INSTRUCTIONS FOR THE TASK ▸ The data must be reproduced verbatim; images are to be omitted.

THE DATA ▸
********************

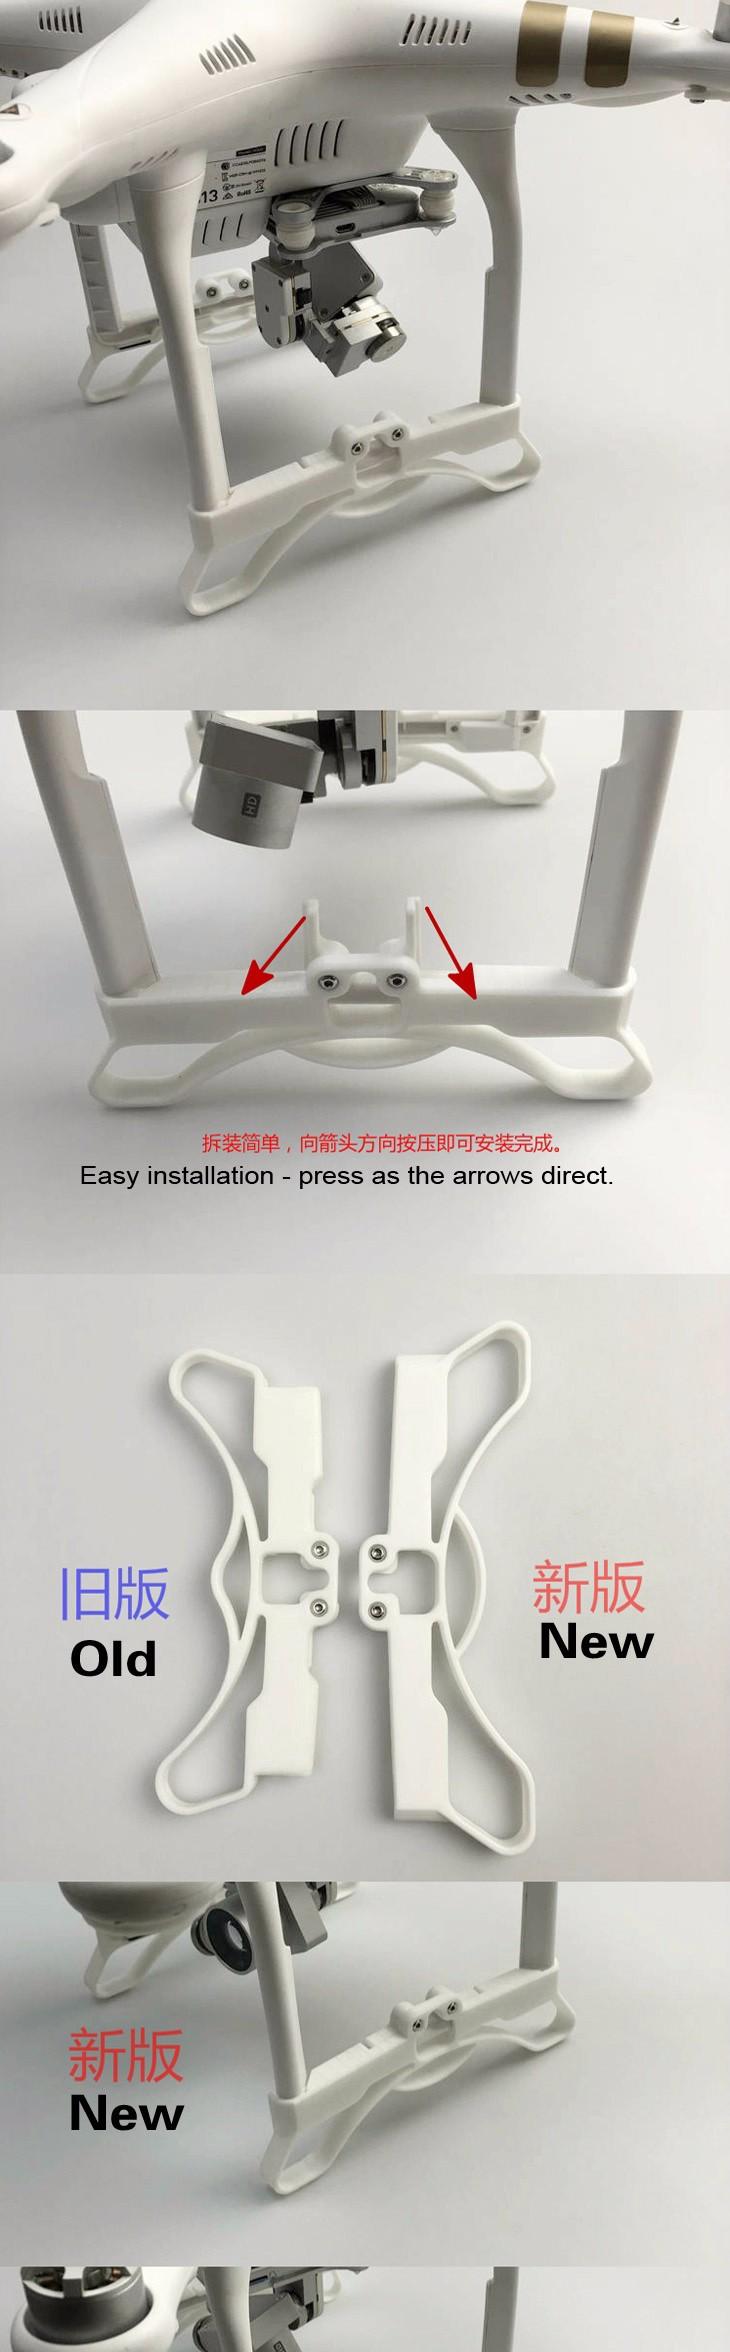 Widened Lengthened Extended Landing Gear for DJI Phantom 3 Drone 3D Printed
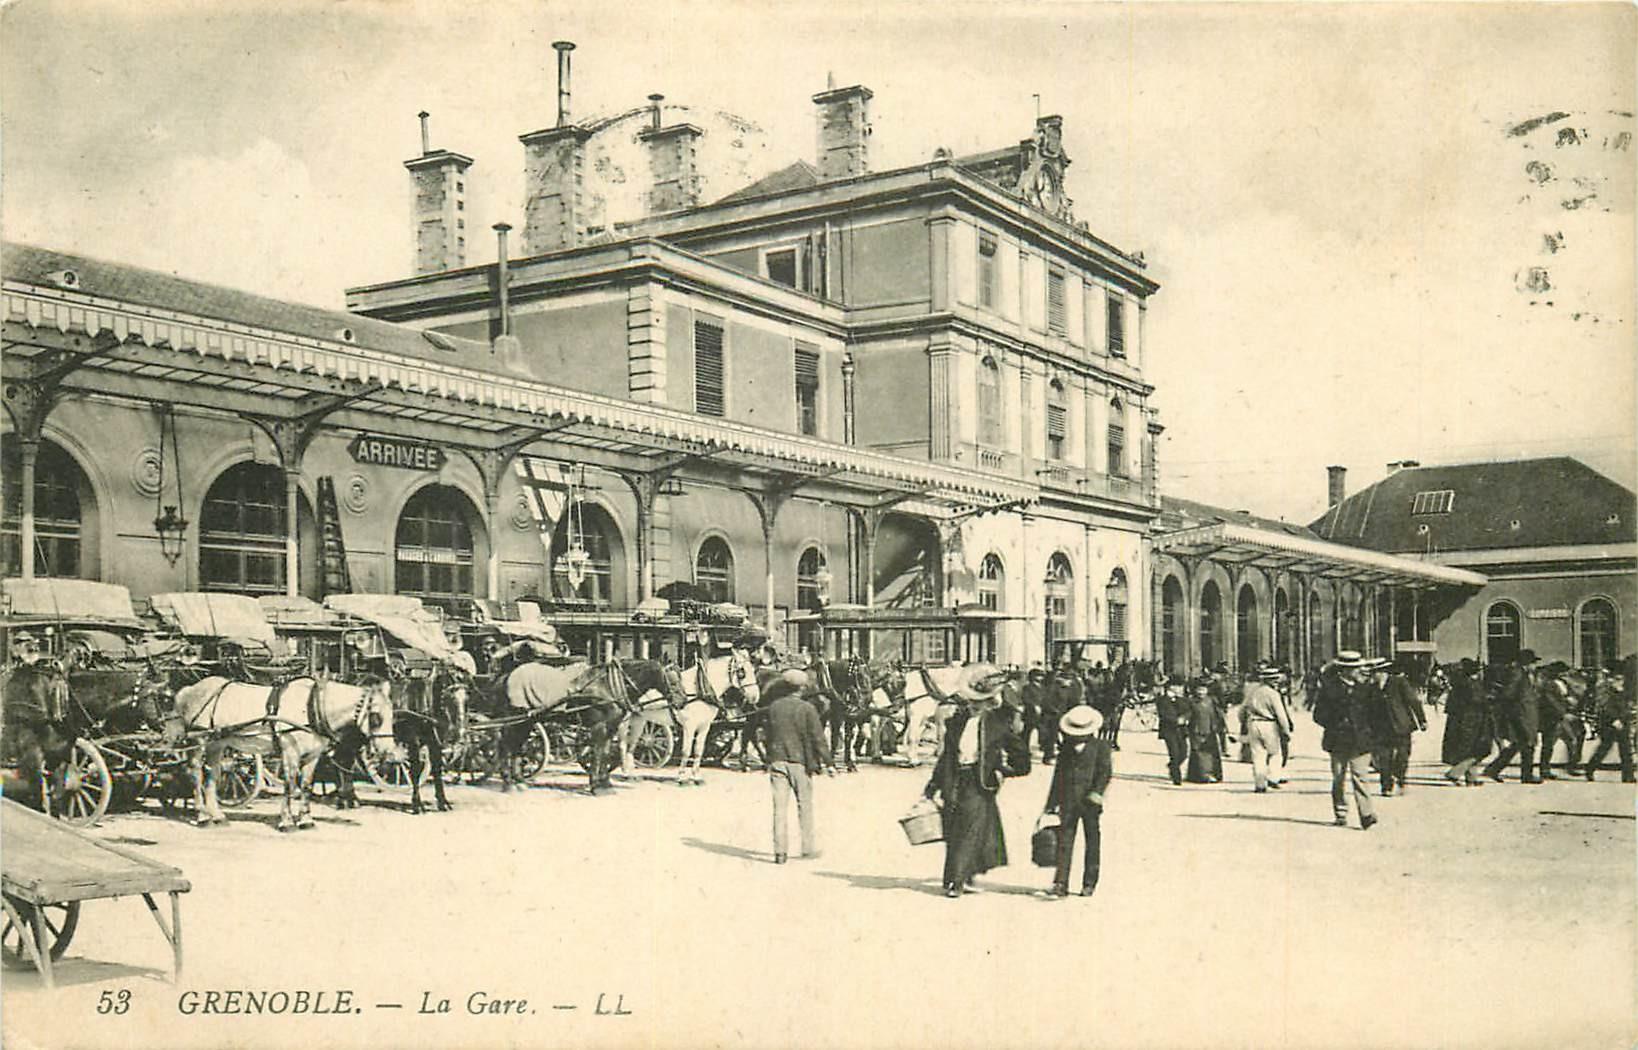 38 GRENOBLE. La Gare 1912
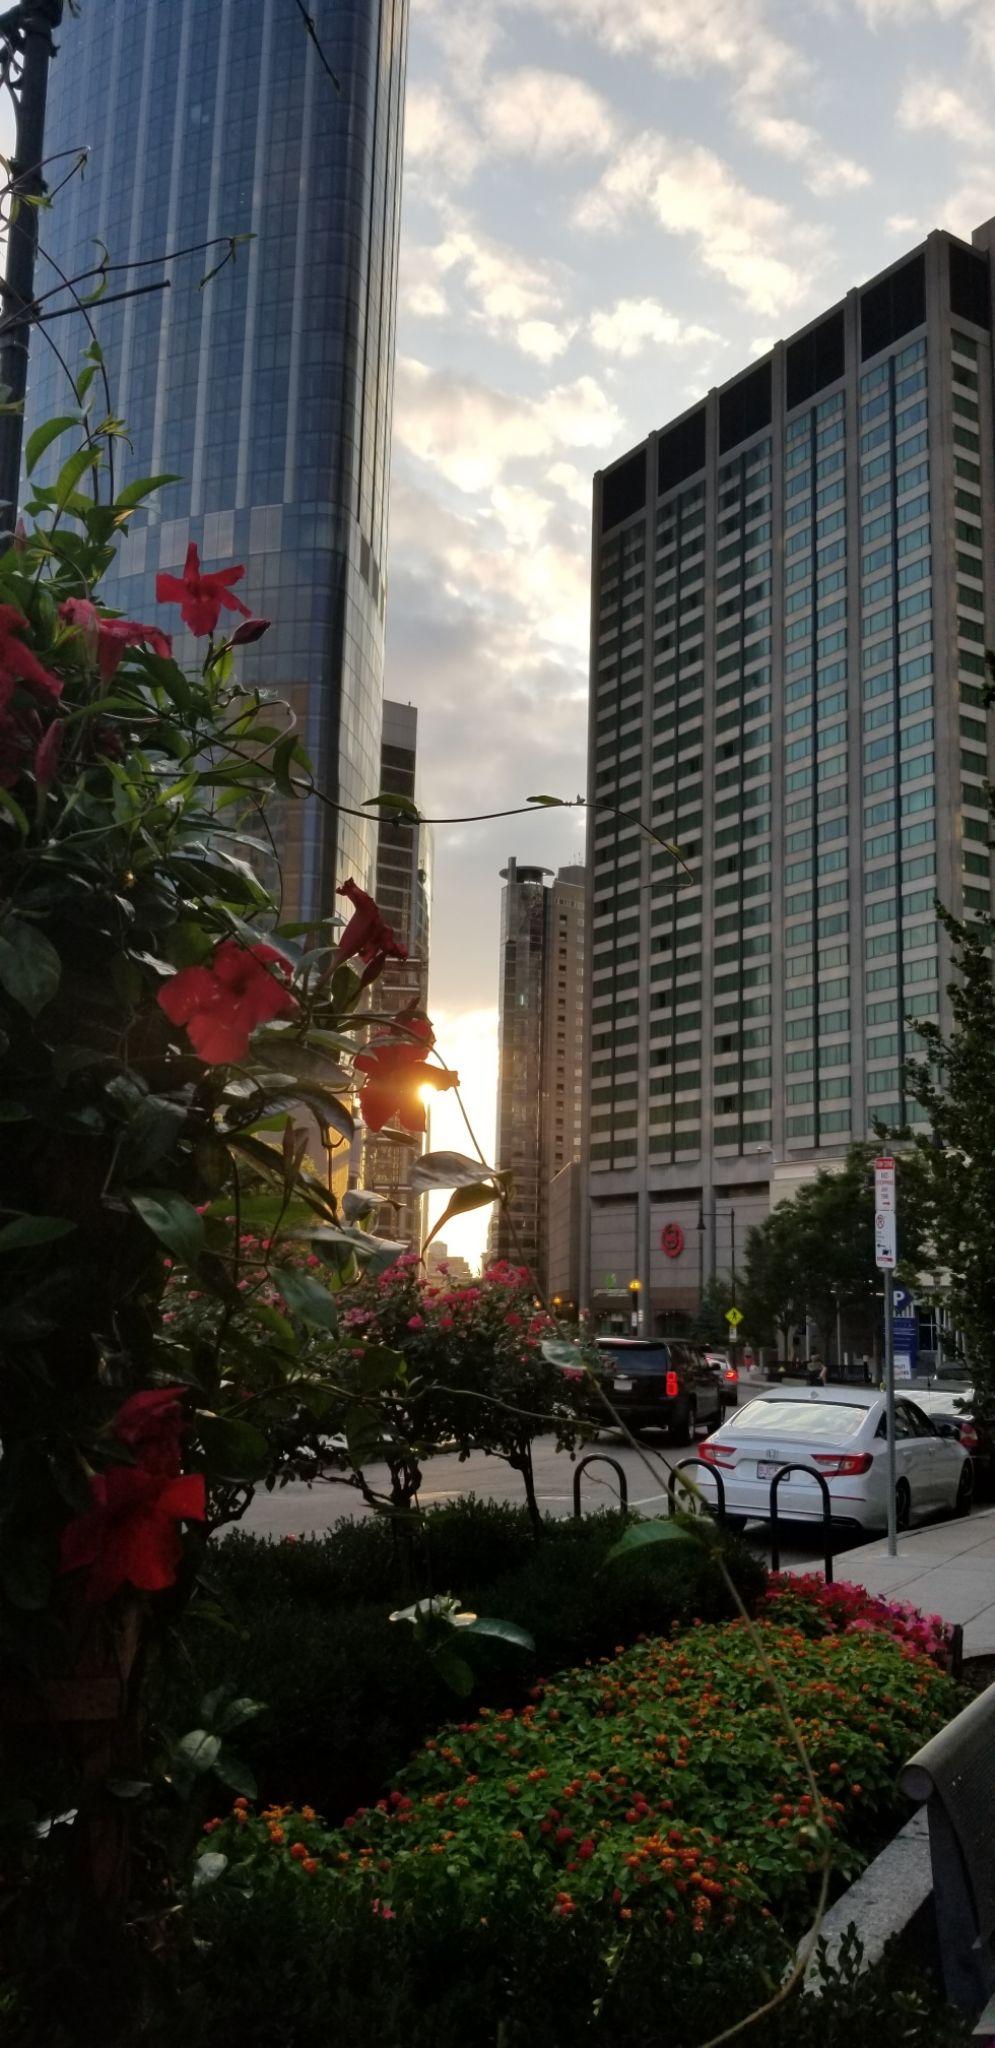 Photo of Boston By Shibya Pandey
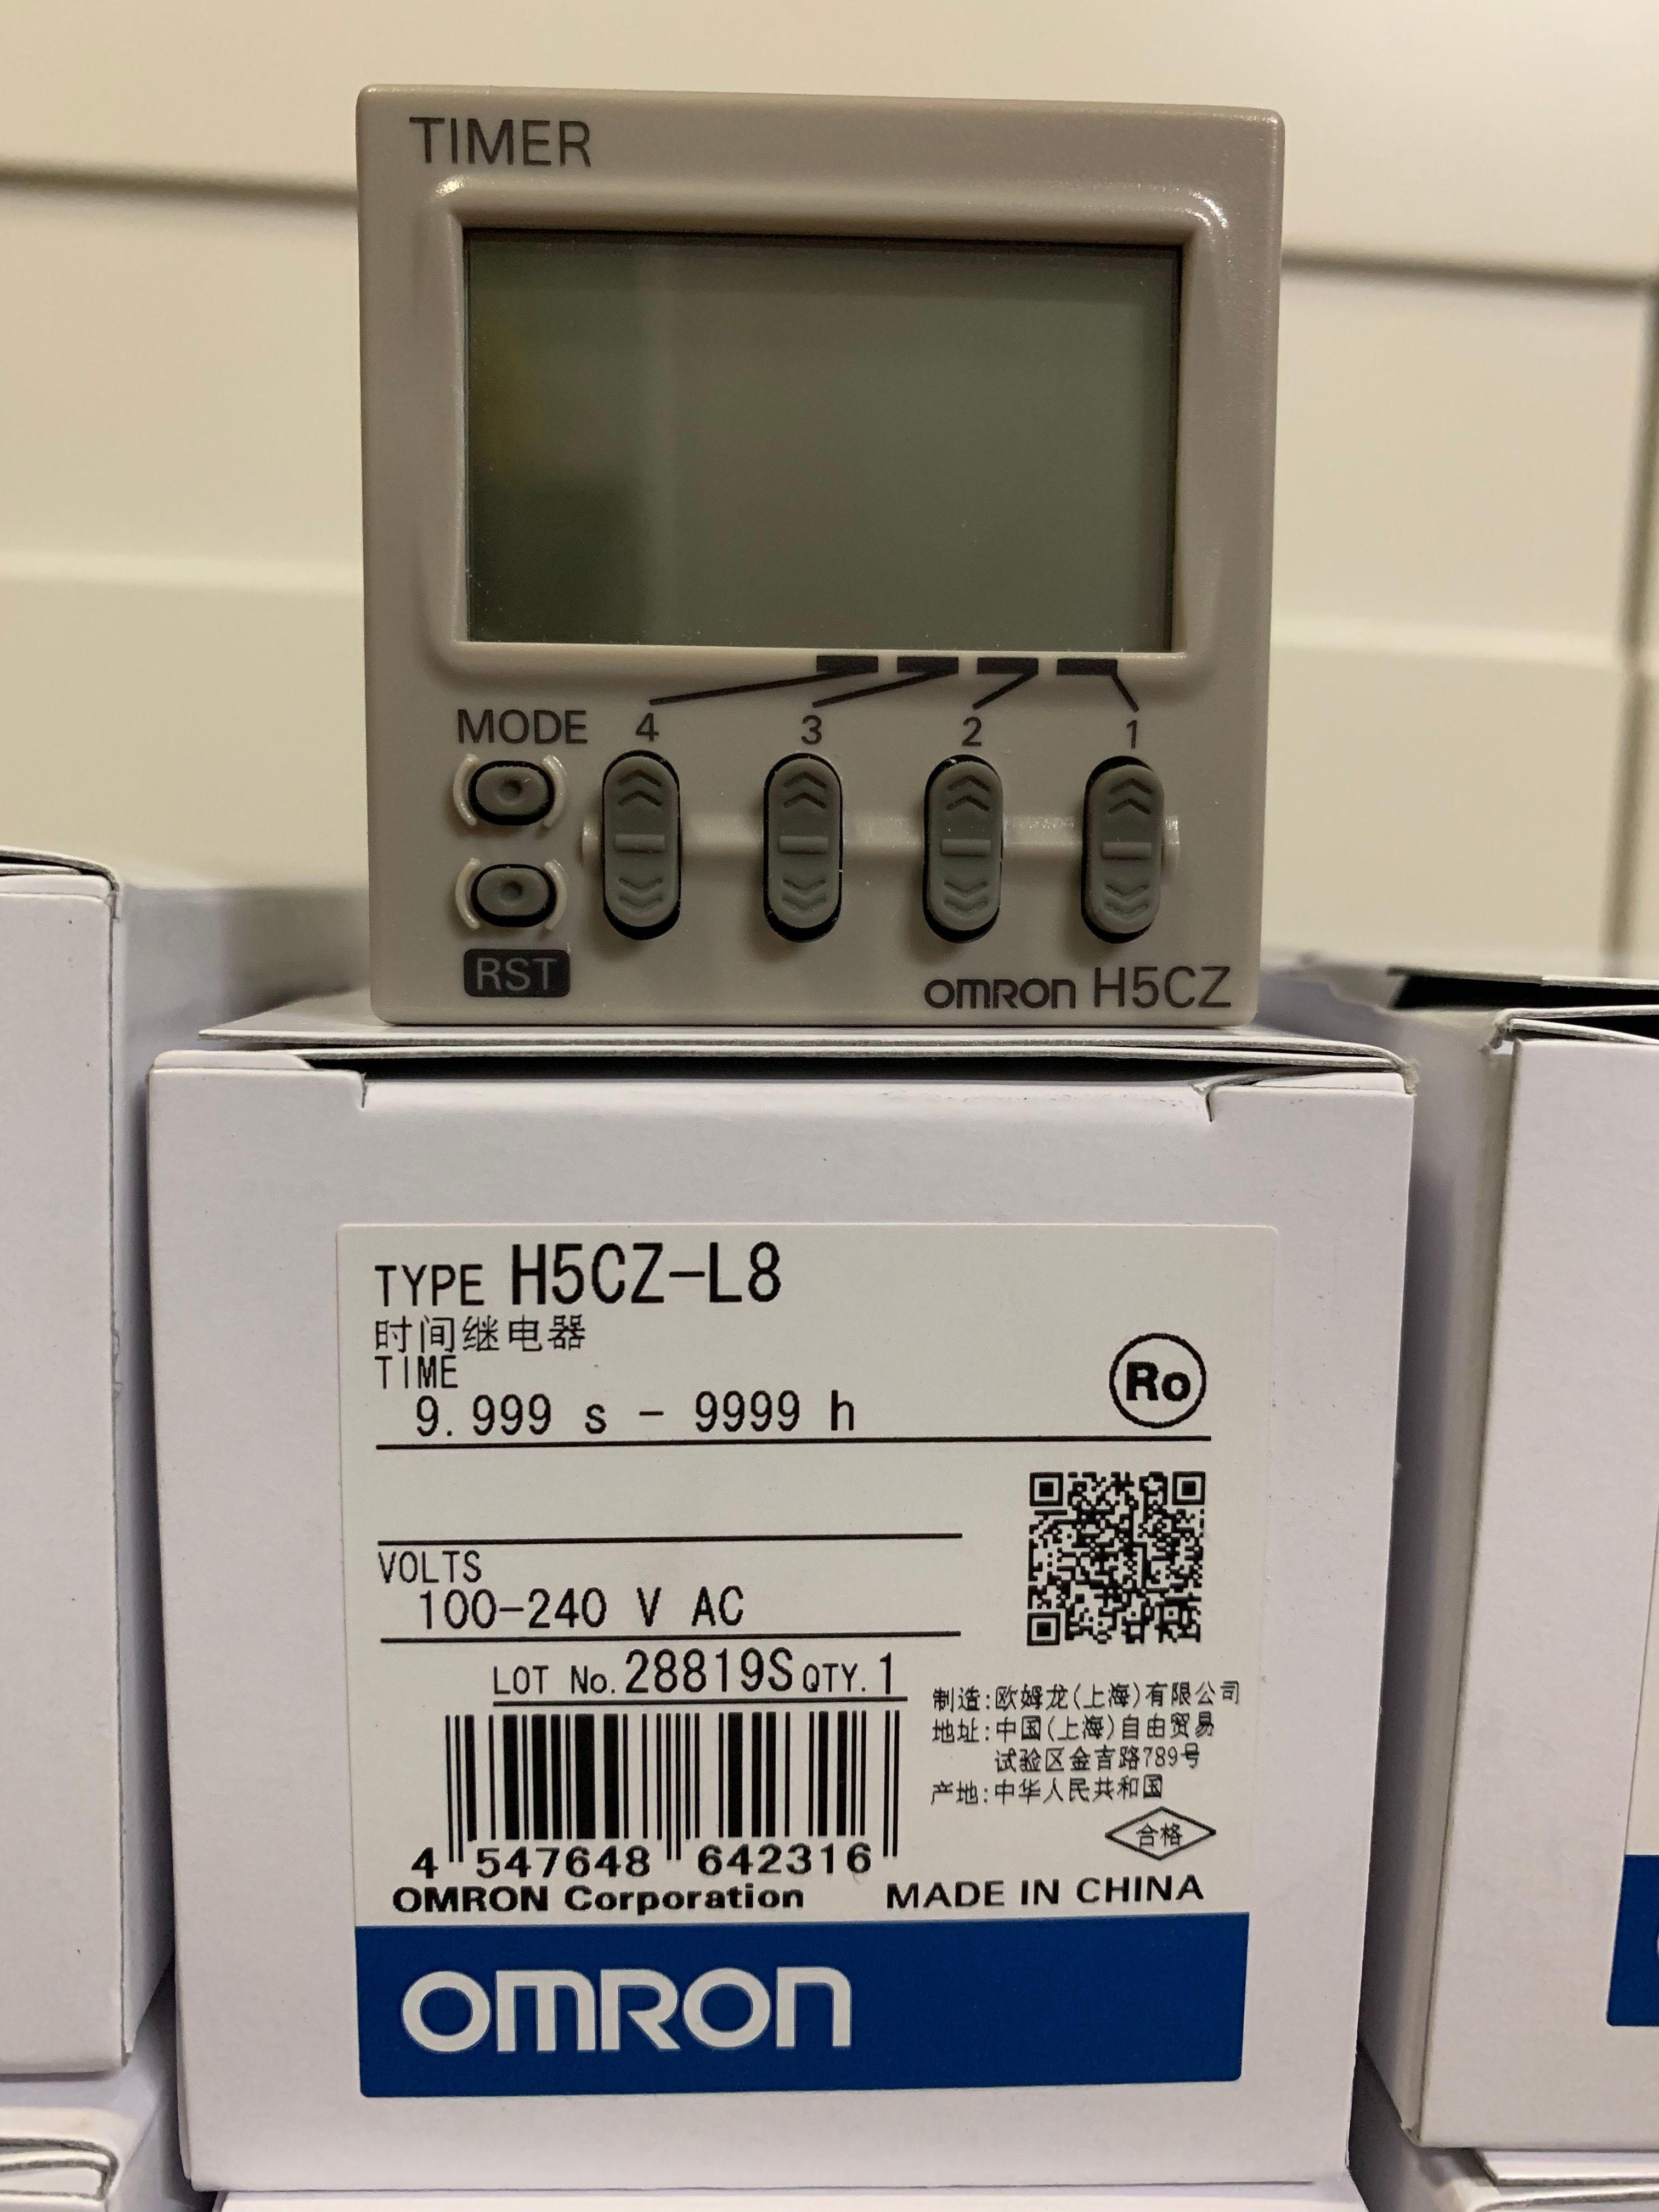 欧姆龙时间继电器H5CZ-L8正规渠道 全新正品 假一罚百

********************

RESULT ▸
 Widened Lengthened Extended Landing Gear for DJI Phantom 3 Drone 3D Printed
 38 GRENOBLE. La Gare 1912
 Photo of Boston By Shibya Pandey
 欧姆龙时间继电器H5CZ-L8正规渠道 全新正品 假一罚百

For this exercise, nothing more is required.